ArcelorMittal SA, the world’s leading steel and mining company, on Monday sharply raised its offer to acquire debt-laden Essar Steel Ltd to Rs42,000 crore, almost 83 per cent of its outstanding debt.
Essar Steel, with its 10 million tonne a year production capacity, had outstanding debt of Rs50,786 crore as of March 2018. ArcelorMittal had earlier offered Rs30,500 crore for Essar Steel.
The offer is also far higher than the Rs37,000 crore offered by rival bidder Numetal Mauritius, which is backed by VTB Capital. The Mauritius-based investor will offer an additional Rs 2,000 crore to lenders of Odisha Slurry Pipeline Infrastructure Ltd., which brings in about half of the raw materials that Essar Steel’s plant needs.
Luxembourg-based ArcelorMittal, which has teamed up with Japan’s Nippon Steel & Sumitomo Metal Corporation, has also committed to pay Rs7,000 crore to settle dues of Uttam Galva and KSS Petron Pvt Ltd by today as directed by the National Company Law Appellate Tribunal.
In its judgement last Friday, the NCLAT had asked ArcelorMittal to first clear dues totalling Rs7,000 crore of Uttam Galva Steels Ltd and KSS Petron Pvt Ltd by 11 September to be considered an eligible bidder for Essar Steel.

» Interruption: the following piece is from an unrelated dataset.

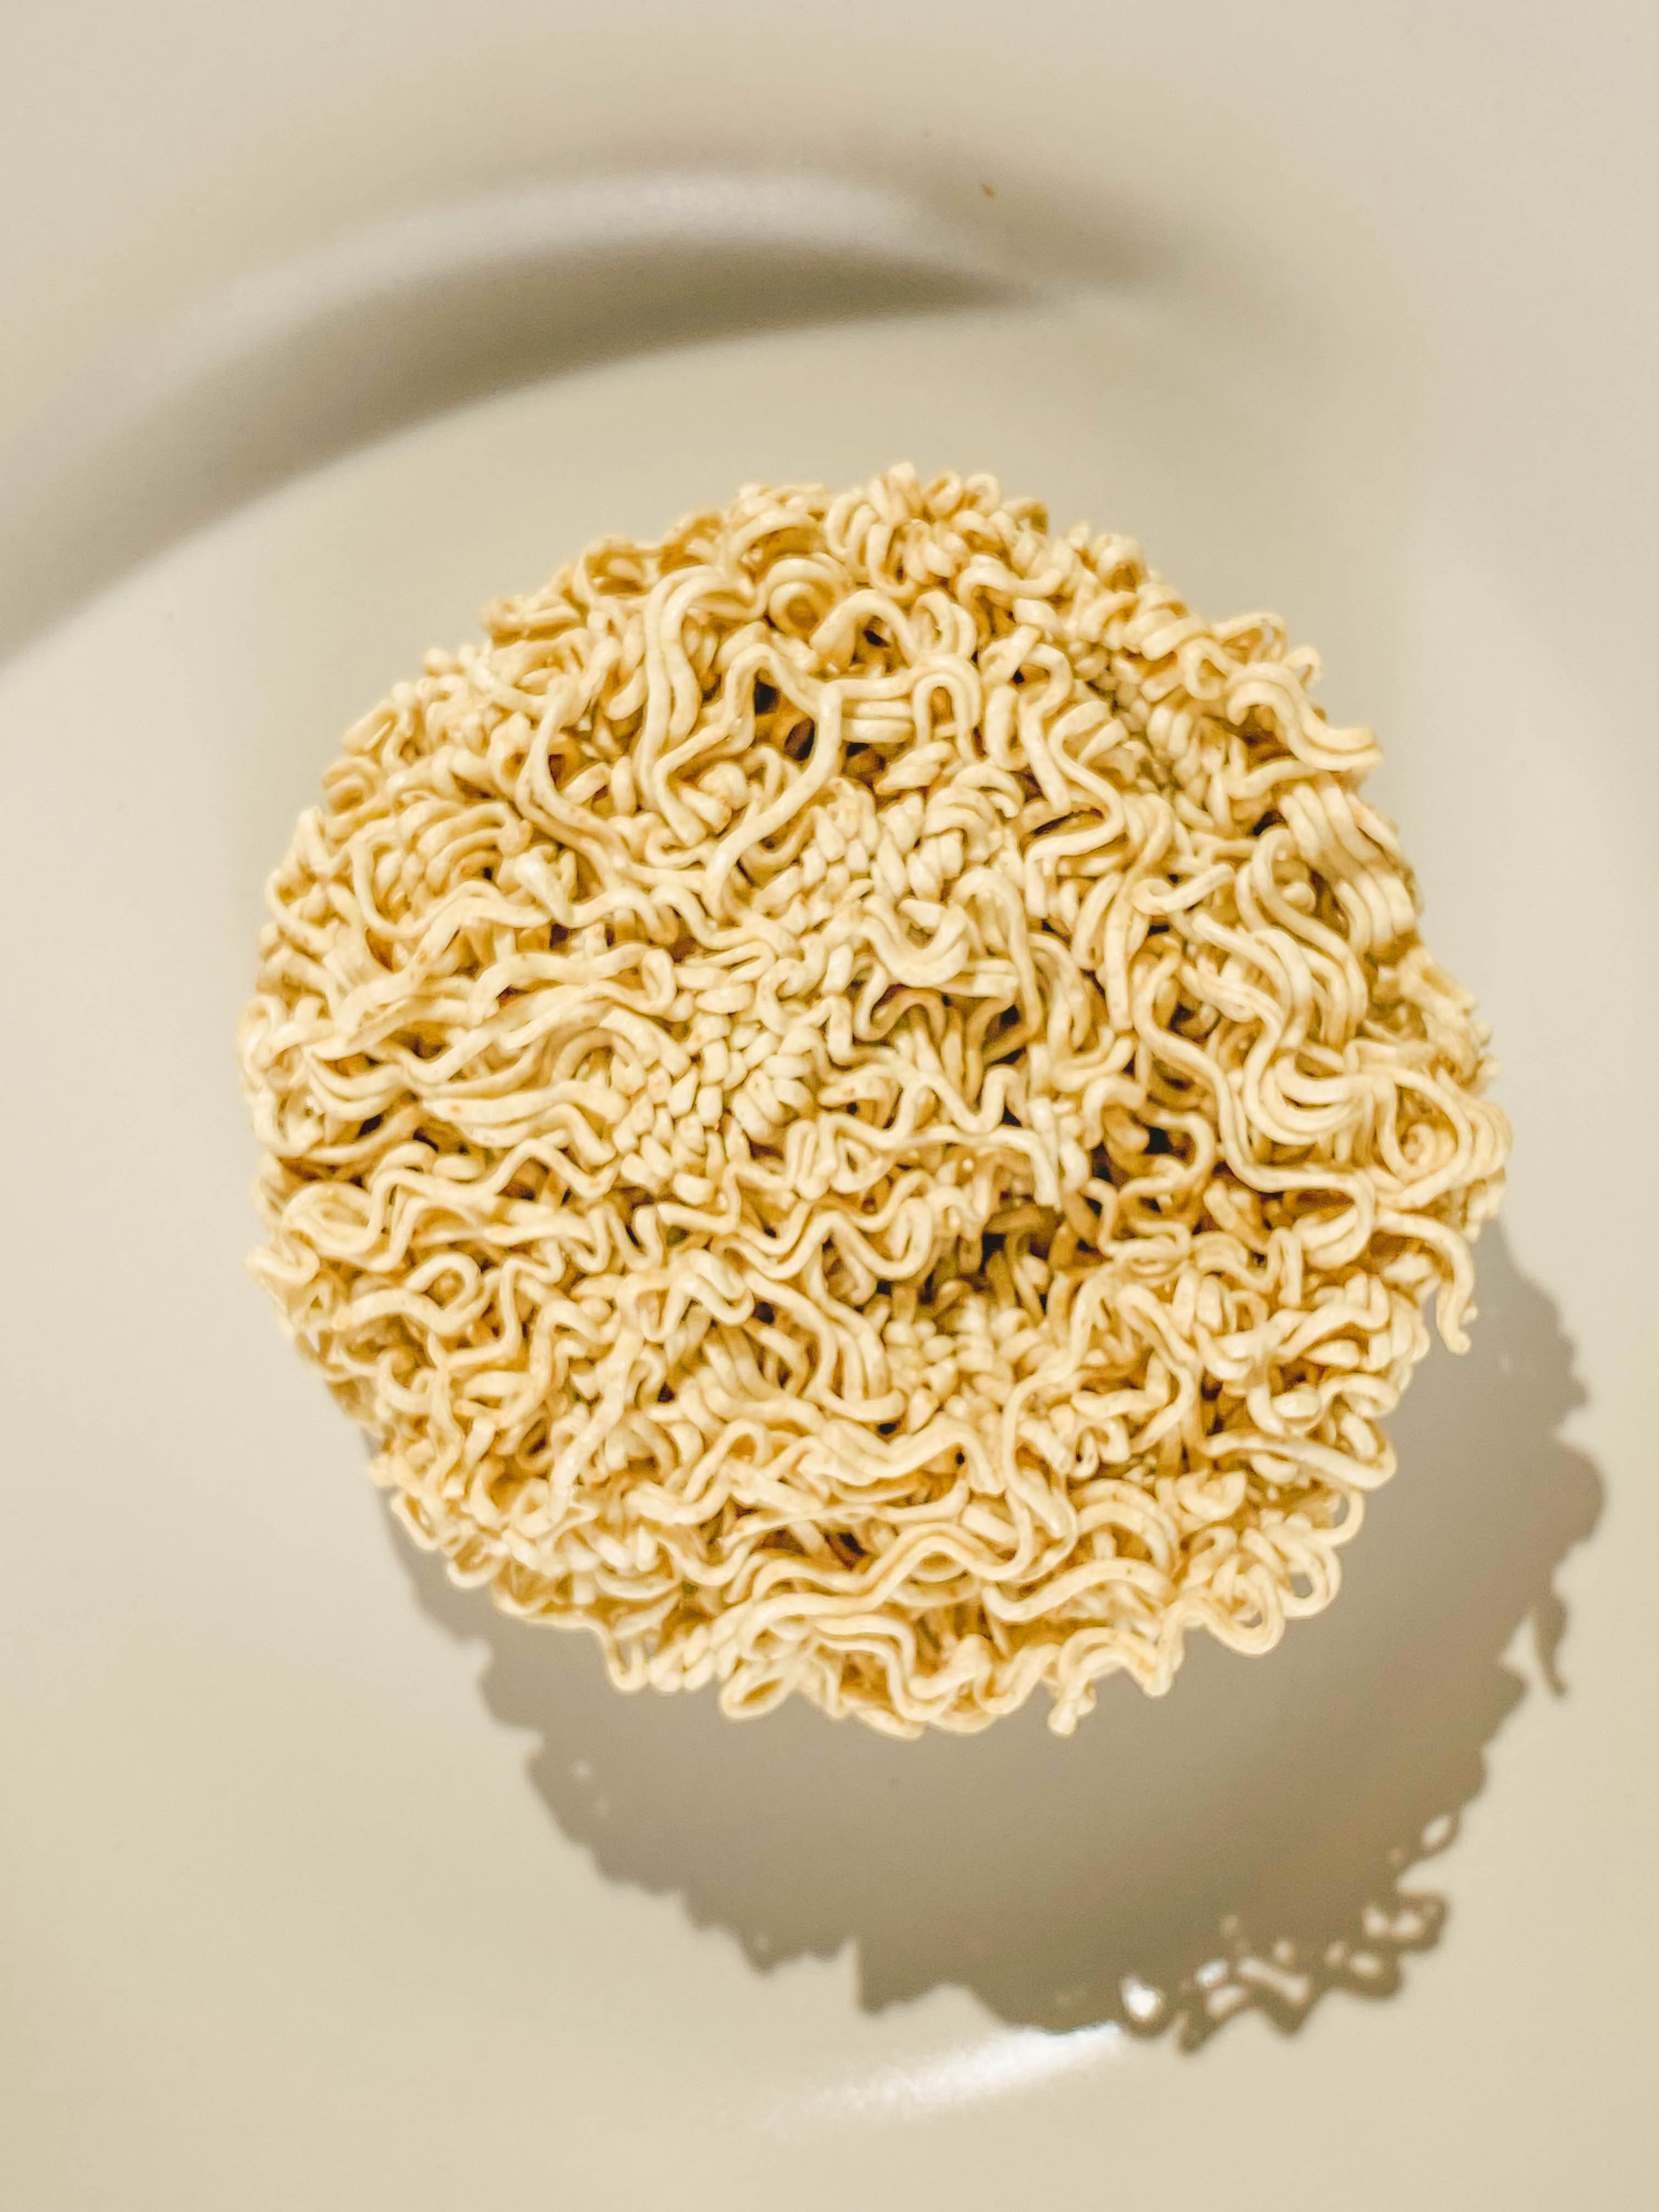 Whole Wheat Noodles: Everything You Need to Know About

ArcelorMittal issued a statement confirming that it has submitted a revised proposal to Essar Steel India Ltd’s (ESIL) Committee of Creditors for the acquisition of ESIL, although it was not clear whether it has paid the dues of Uttam Galva and KSS Petron to the creditors.
“The financial terms of the proposal are confidential, but represent a material increase to the previous offers made by the company,” the company said, adding, “the revised offer, which includes a commitment to pay the entire amount due to the financial creditors of Uttam Galva Steels Ltd and KSS Petron, therefore represents unprecedented value to all concerned creditors.”
“Through the revised offer, ArcelorMittal demonstrates its serious commitment to India, creditor banks and all ESIL’s stakeholders,” the steel maker said.
As of March 2017, Essar Steel—with its 10 million tonne a year production capacity—had a debt outstanding of ?50,786 crore.
Rival bidder Numetal said it would pay Rs37,000 crore to buy out ESIL, while Vedanta Resources, the other bidder, had offered Rs34,000 crore.
While Numetal, which had also been found ineligible initially, but then altered its firm structure to comply with the rules, the NCLAT had ruled that ArcelorMittal would be ineligible to bid for Essar Steel unless it cleared the debts at Uttam Galva and KSS Petron as well, a requirement under Section 29A of the Insolvency and Bankruptcy Code.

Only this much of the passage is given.